1). ACCEPTANCE OF RESIGNATION OF D. FREDERICK SHEFTE – The Board reviewed a resignation letter submitted by D. Frederick Shefte, President of Hannover House. After a discussion, it was moved, seconded and approved to accept the resignation of Shefte as President effective at the close-of-business on March 15, 2021. Shefte’s participation as a member of the Board of Directors will continue for a maximum of up to thirty (30) additional days in order to enable the Company the opportunity to engage two additional directors, at least one of which would be considered an “outside” director. The challenges in obtaining Directors and Officers Liability Insurance Coverage for non-reporting companies suggested that the recruitment of additional directors be on an “interim basis” until such time that proper D&O Insurance Coverage may be obtained.
2). HIRING OF NEW PRESIDENT OF COMPANY – The Board elected to defer discussion of the proposed terms of engagement for a new President or general-purpose replacement for duties previously performed by Shefte. However, it was indicated that an interim President is expected to be announced within ten days, based on current discussions occurring with qualified candidates. Until a new President is engaged, C.E.O. Eric Parkinson will assume the duties of President on an interim basis, in addition to his existing duties as C.E.O. and Secretary.

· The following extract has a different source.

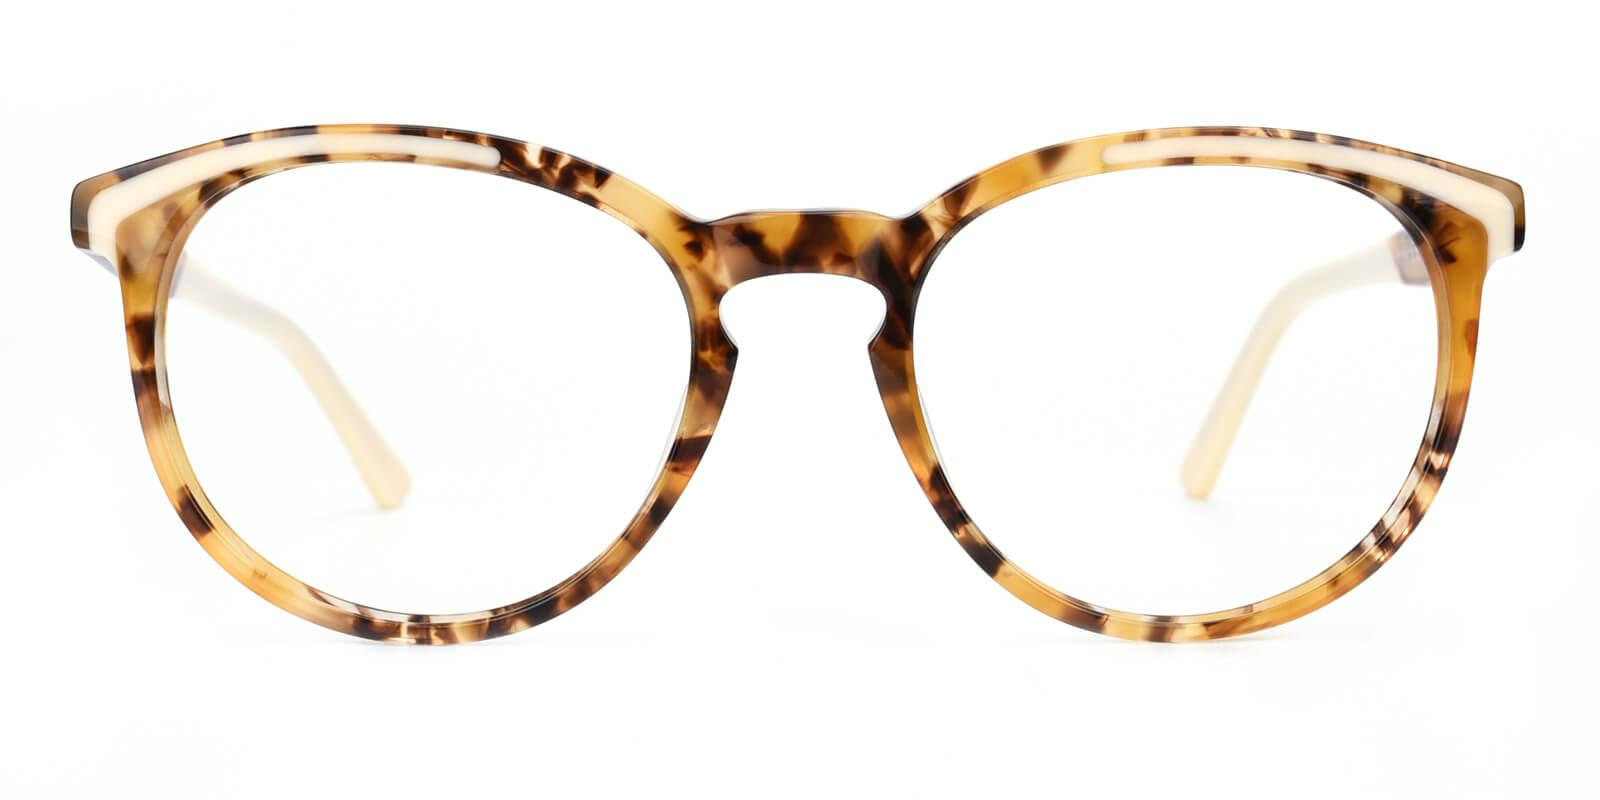 Deborah-Yellow-Oval-Acetate-Eyeglasses-additional2

3). PERSONNEL LOGISTICS FOR SHEFTE – It was agreed that Shefte will be allowed to remove his personal effects from the office during the week of March 15 – 19, but that otherwise, he would be asked to surrender his key and access to the principal operating office located in Fayetteville, AR.
There being no further issues addressed at this meeting, the Board adjourned at 10:06-am.
SIGNATURES
Pursuant to the requirements of the Securities Exchange Act of 1934, the registrant has duly caused this report on the Minutes of the Board of Directors Meeting of Hannover House, Inc. to be signed on its behalf by the undersigned hereunto duly authorized.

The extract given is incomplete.